# Cage Sizes



## Toast (Nov 11, 2009)

I have one 20 gallon cage and 3 five gallon cages. How many mice should that hold?


----------



## Jack Garcia (Oct 9, 2009)

It depends on the size of the mice and how the tanks are decorated. The more surfaces there are for the mice to crawl on, under, and through, the more space there is for them overall.

I keep each of my single, large males in a 5 US gallon tank, plastic tub, or critter keeper (all are about 5 US gallons), either with or without a wheel.

The does live in modified plastic bins which are about 14 US gallons and I keep two or three adult does to each. I also use these as nurseries.

For a 20 gallon, it depends. Is it a 20 long or a 20 tall? More can fit in a 20 long, for obvious reasons. I don't use tanks that large though, so I will let someone else speak to that.


----------



## Lime Green Mouse (Nov 13, 2009)

Here's a link to a pretty good calculator, unfortunately, the one I usually go by when double-checking myself was hosted on geocities, and is now gone. The calculator towards the bottom of the webpage goes by dimensions, so there won't be any question about how large your 20 gallon cage is.  It's pretty liberal, though, you don't necessarily need this much space per mouse:

http://www.thefunmouse.com/info/cagecalculator.cfm

Those numbers are for females, because males (unless they're littermates, who seem to get along better than strangers, but I've heard that once they start breeding they become more aggressive to other males) are territorial, and in too small of a space, will smell the other males all over everything and become aggressive.
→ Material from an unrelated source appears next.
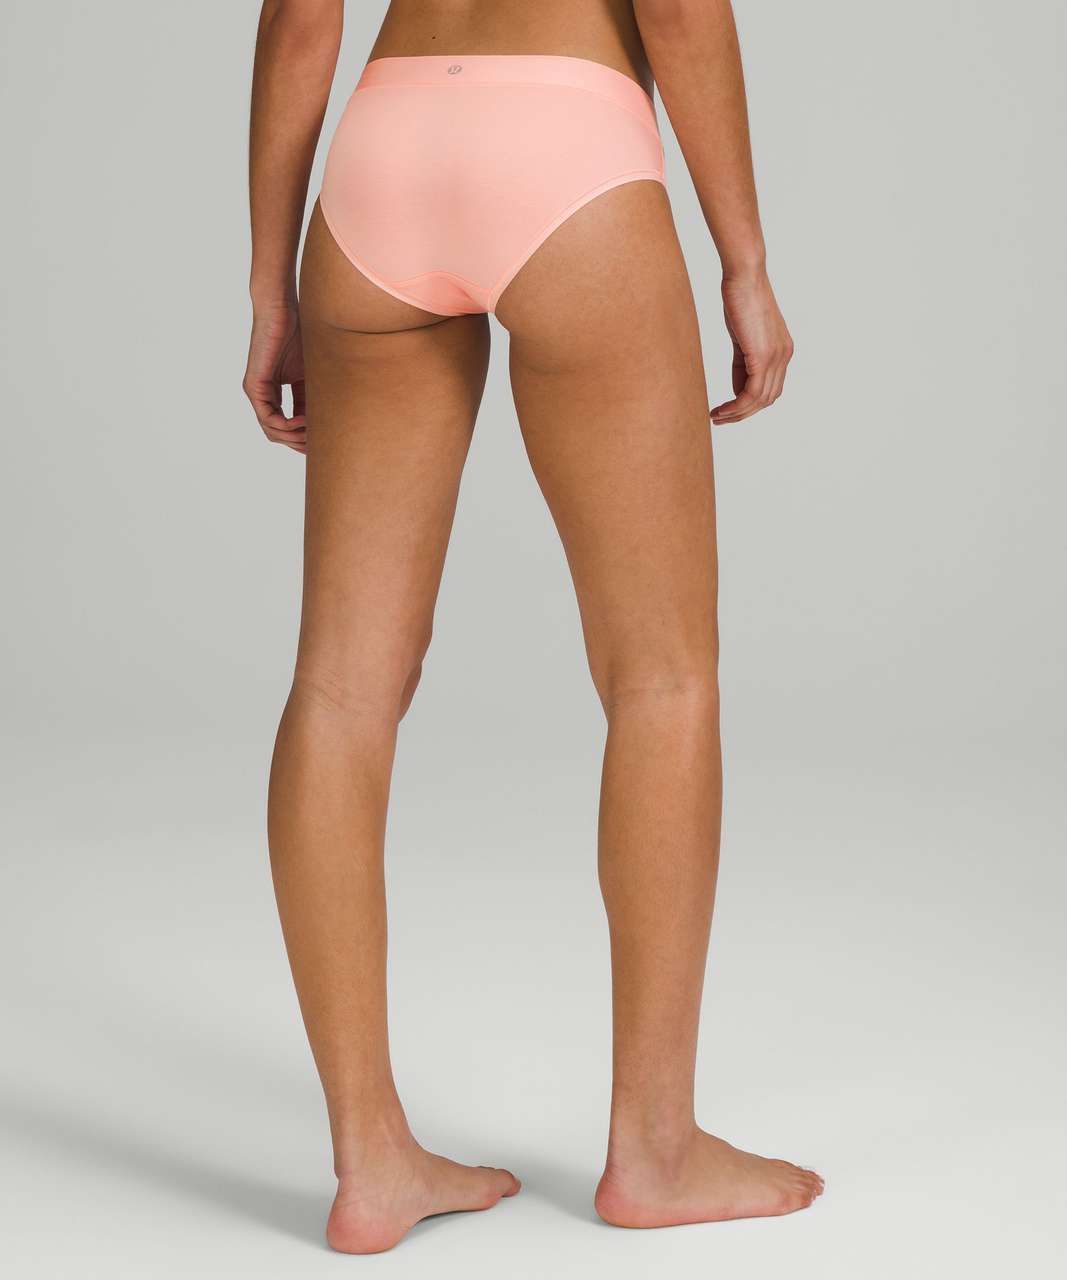 Lululemon UnderEase Mid-Rise Bikini Underwear 3 Pack - Black / Dew Pink / Intertwined Camo Deep Coal Multi
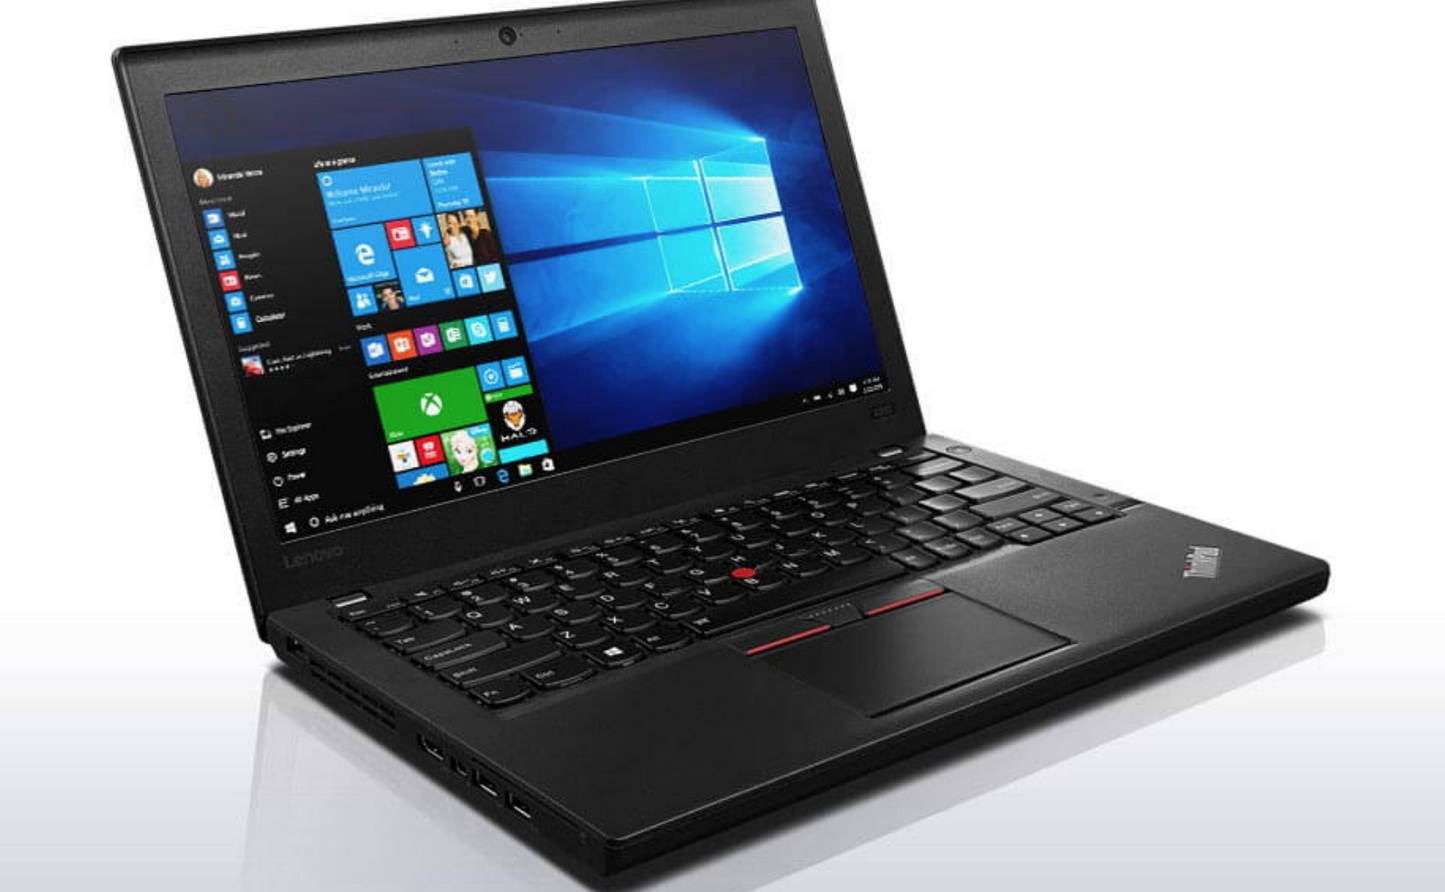 Lenovo ThinkPad X250 Core I5 8GB RAM Upto 2TB SSD Windows10 Laptop Customise your Spec

If you have a 20 gallon long, and I'm only trying to picture it, not looking at one, so don't quote me, but I'd say you could go up to 15 or so mice before it's TOO crowded, but I wouldn't keep it that way. 5-10 would be my guess at happy mice, especially with hiding places. As for the five gallons, you could probably do 1-3 females or one male, or use them for birthing cages. Just guesses. You can probably just put something similarly sized to your mice in the tank, visualize it, and use common sense about it.


----------



## moustress (Sep 25, 2009)

In my mousery, I have all sorts of different population of meeces in similar cages. Some ten gallon tanks have only 3 or 4 in them; some have eight or ten. I try to house meeces of similar age together wherever possible. Family groupings like mother and daughters or father and sons work well enough in many cases. Both bucks and does often become less accepting of any new meece after having been bred, so that sometimes ends up with one or two of them being moved in order to maintain peace. I have about a half a dozen bucks housed separately, and some of those were removed for health issues. They remain in bachelor quarters after completion of their treatment. Each situation is handled according to the very simple principle of what works and what doesn't. I'm a big fan of that principle in most areas of my life, actually.


----------



## Toast (Nov 11, 2009)

Thanks.  This really helped a lot!


----------